Our results consistently indicated that our estimated ITT effect estimate (cHR: 0.82 (0.51,1.22) may have underestimated brigatinib's benefit by around 10-45 percentage points (using IPCW) and 10-20 percentage points (using the parametric g-formula) across a wide range of model choices. Our analyses underscore the importance of performing sensitivity analyses, as the result from a single analysis could potentially stand as an outlier in a whole range of sensitivity analyses.
Clinicaltrials.gov Identifier: NCT02737501 on April 14, 2016.
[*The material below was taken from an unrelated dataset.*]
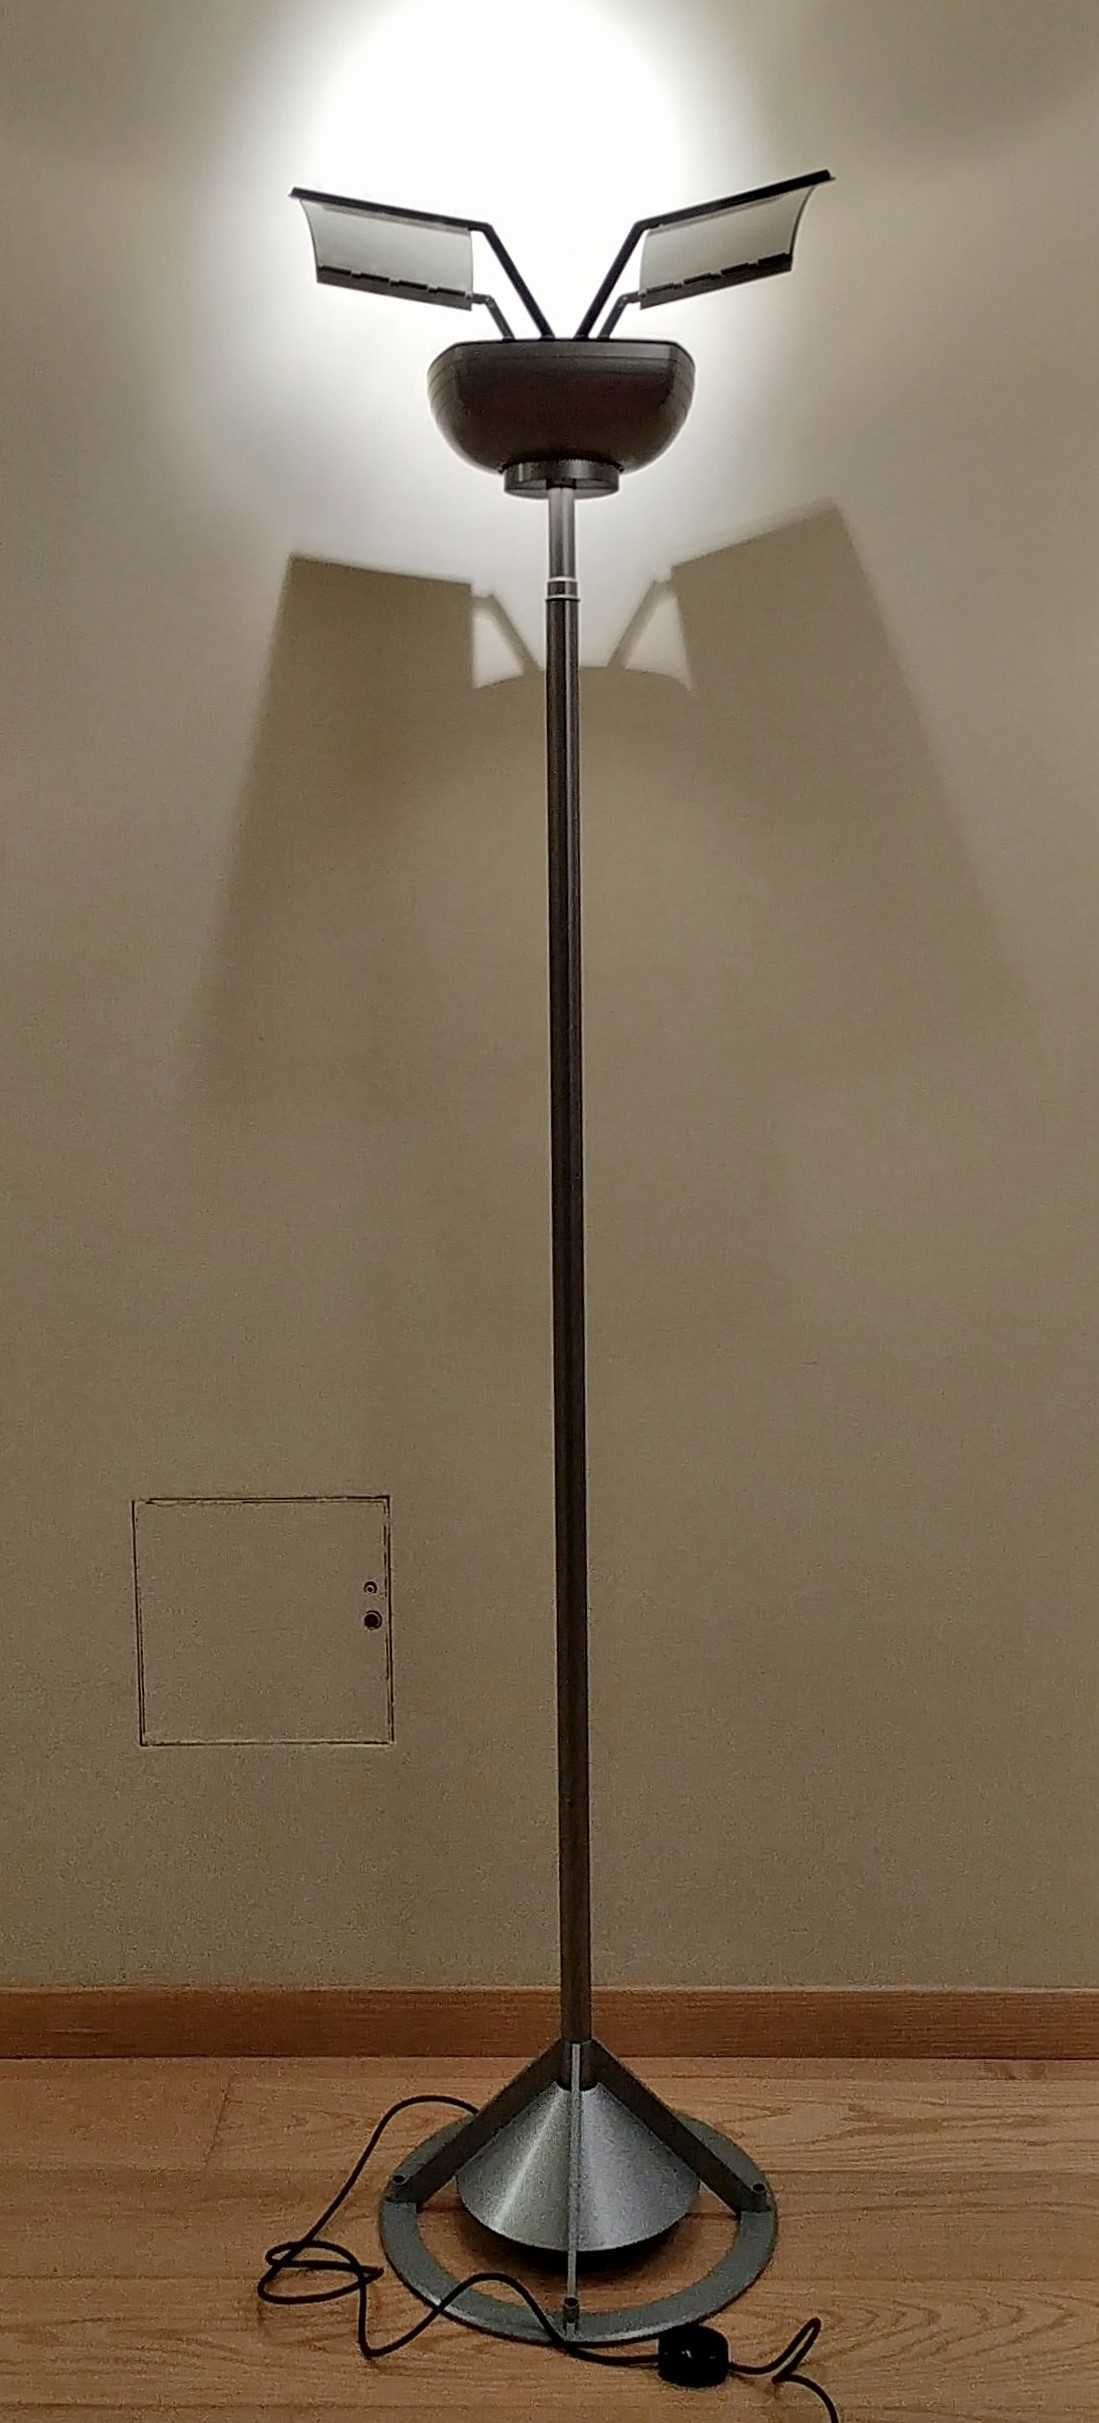 Lampa stojąca firmy ERCO model Zenith - unikat

随机临床试验中的治疗转换给进行因果推断带来了挑战。意向性分析(ITT)在存在治疗转换的情况下往往无法充分捕捉治疗的因果效应。因此,决策者可能更关注不允许治疗转换的假设治疗策略的因果效应。例如,3期ALTA - 1L试验表明,如果未发生治疗转换,与克唑替尼相比,布加替尼可能改善总生存期(OS)。他们使用删失逆概率加权法(IPCW)进行的敏感性分析报告的风险比(HR)为0.50(95%置信区间,0.28 - 0.87),而他们最初的ITT分析估计的HR为0.81(0.53 - 1.22)。
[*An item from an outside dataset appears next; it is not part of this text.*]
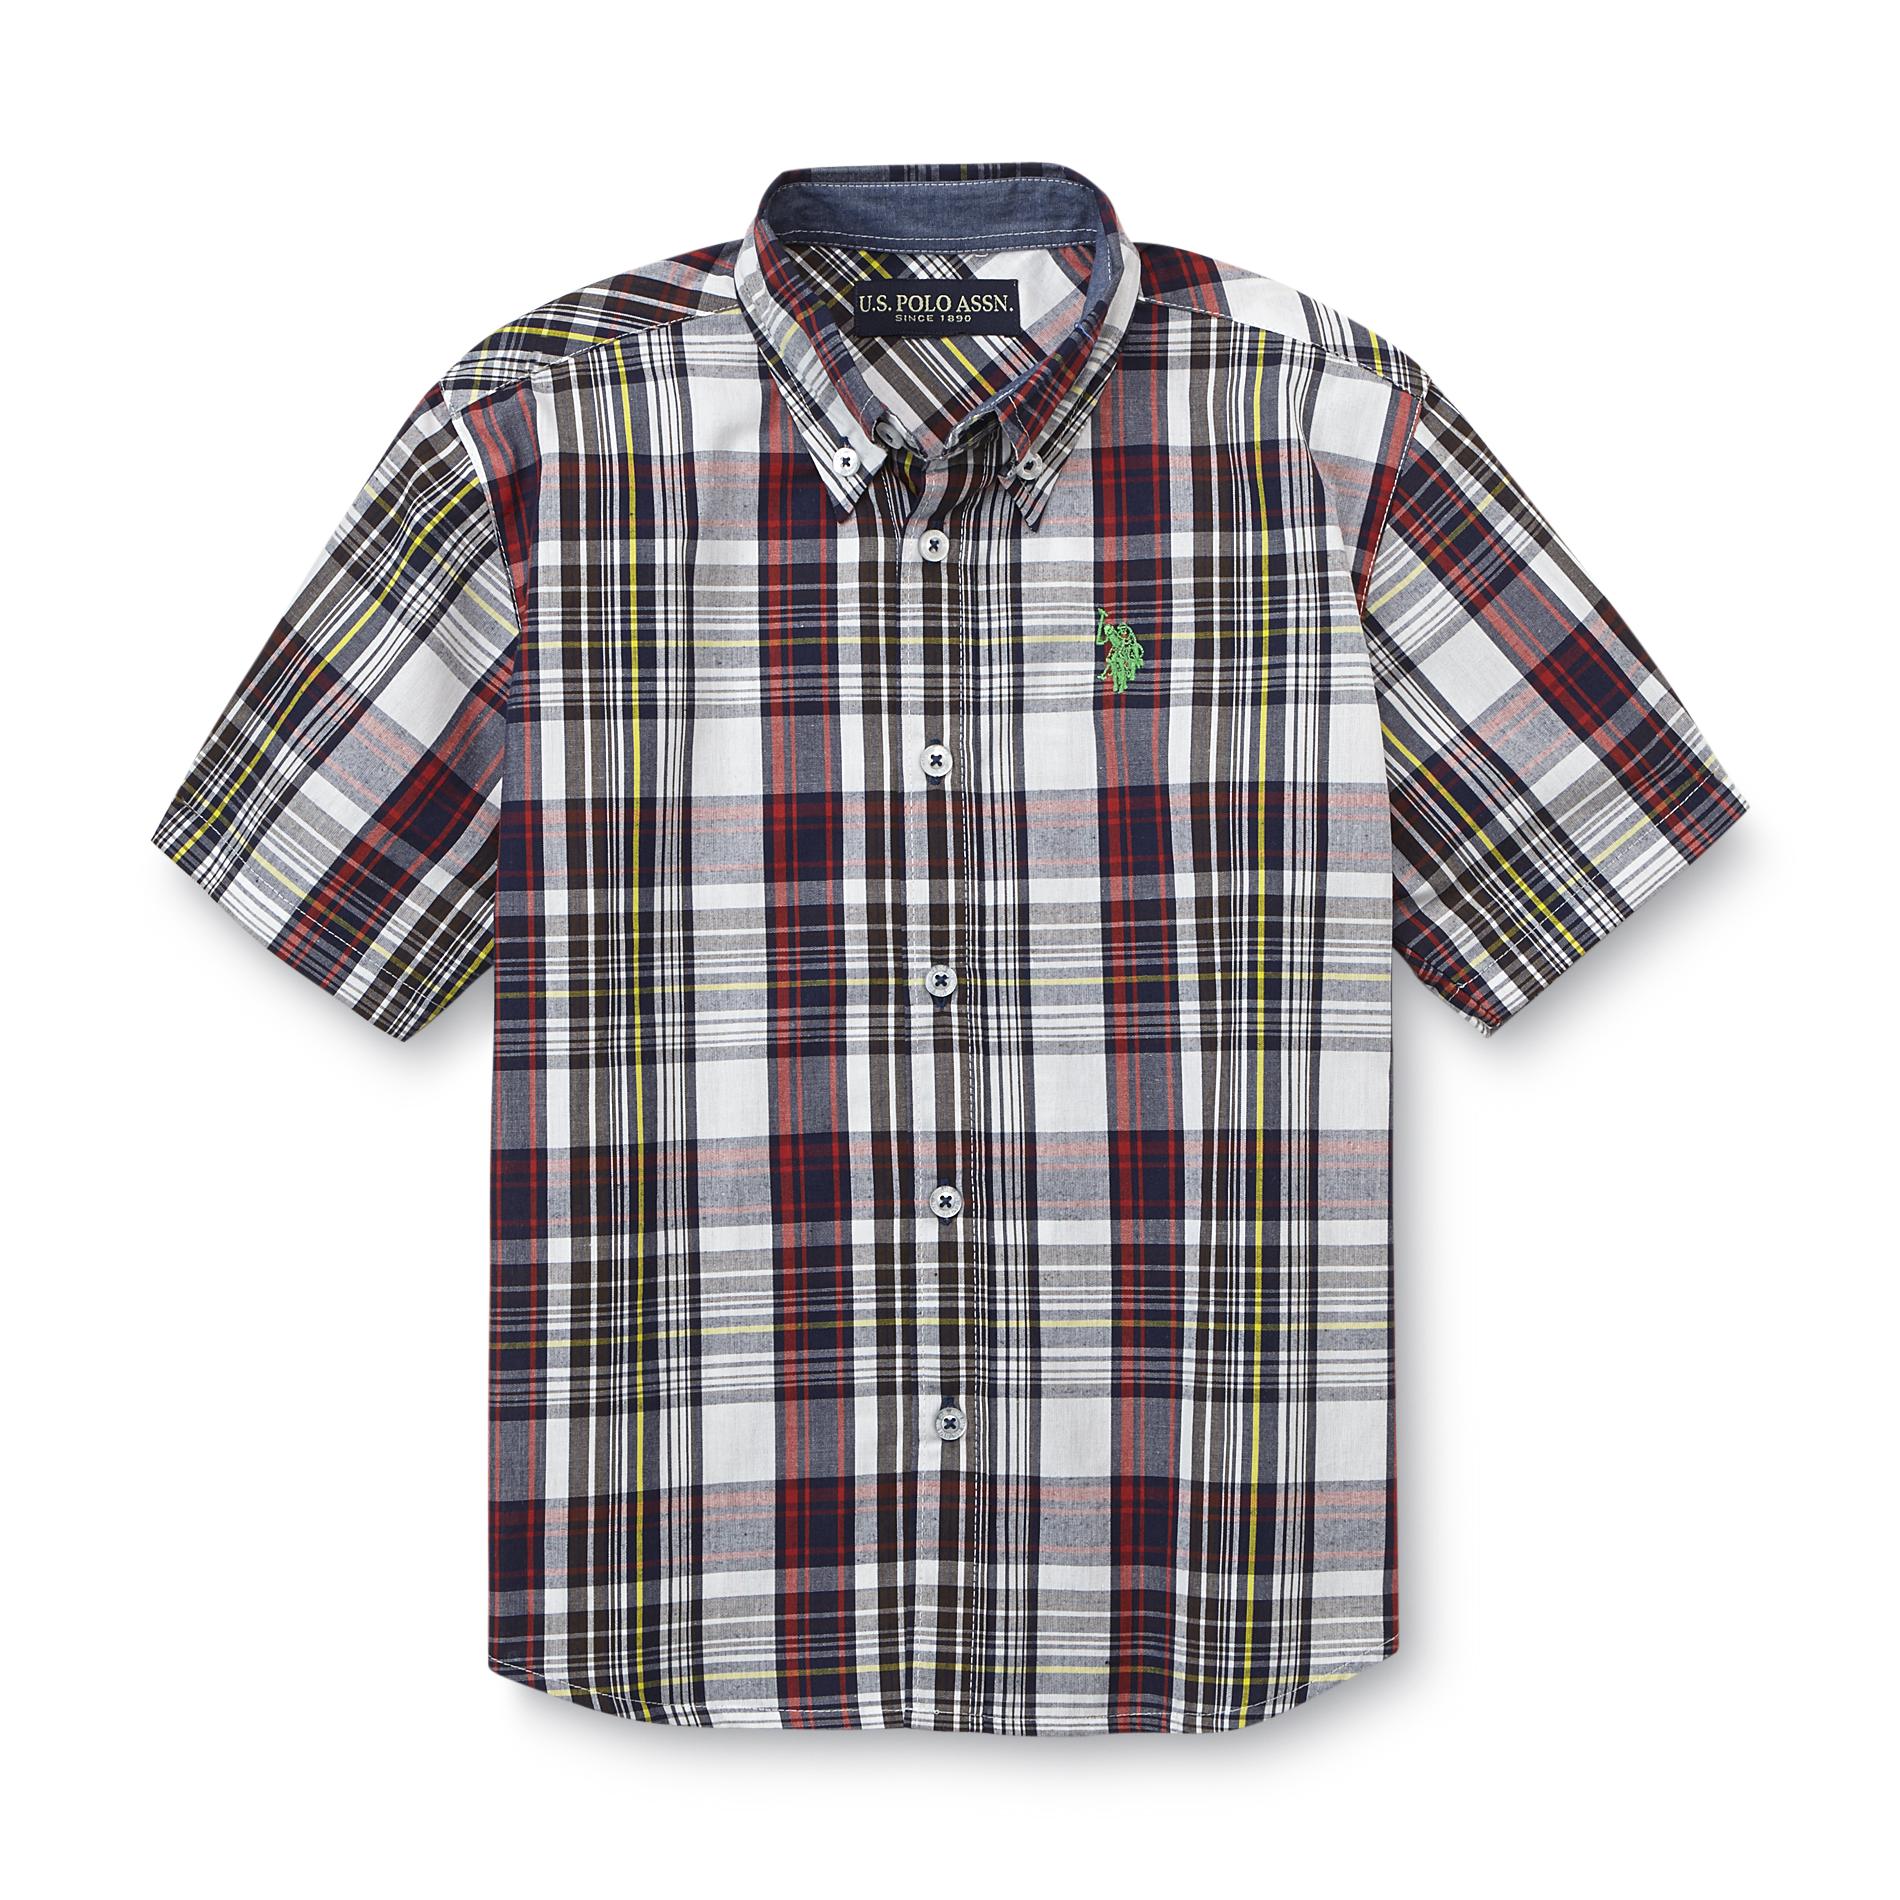 U.S. Polo Assn. Boy's Short-Sleeve Button-Front Shirt - Plaid

我们使用有向无环图来描绘存在治疗转换时ALTA - 1L试验的临床情况,阐明治疗 - 混杂因素反馈的概念,并强调对g方法的需求。在对ALTA - 1L试验数据的重新分析中,我们使用IPCW和参数化g公式来调整基线和随时间变化的协变量,以估计两种假设治疗策略对OS的影响:“始终使用布加替尼治疗”与“始终使用克唑替尼治疗”。我们使用不同的模型规格和权重截断方法进行了各种敏感性分析。
在一系列敏感性分析中应用IPCW方法得出的累积风险比(cHRs)范围在0.38(0.12,0.98)至0.73(0.45,1.22)之间,风险比(RRs)范围在0.52(0.32,0.98)至0.79(0.54,1.17)之间。应用参数化g公式得出的cHRs范围在0.61(0.38,0.91)至0.72(0.43,1.07)之间,RRs范围在0.71(0.48,0.94)至0.79(0.54,1.05)之间。
我们的结果一致表明,我们估计的ITT效应估计值(cHR:0.82(0.51,1.22))可能在广泛的模型选择中低估了布加替尼的益处约10 - 45个百分点(使用IPCW)和10 - 20个百分点(使用参数化g公式)。我们的分析强调了进行敏感性分析的重要性,因为单次分析的结果在一系列敏感性分析中可能会成为异常值。
Clinicaltrials.gov标识符:2016年4月14日的NCT02737501。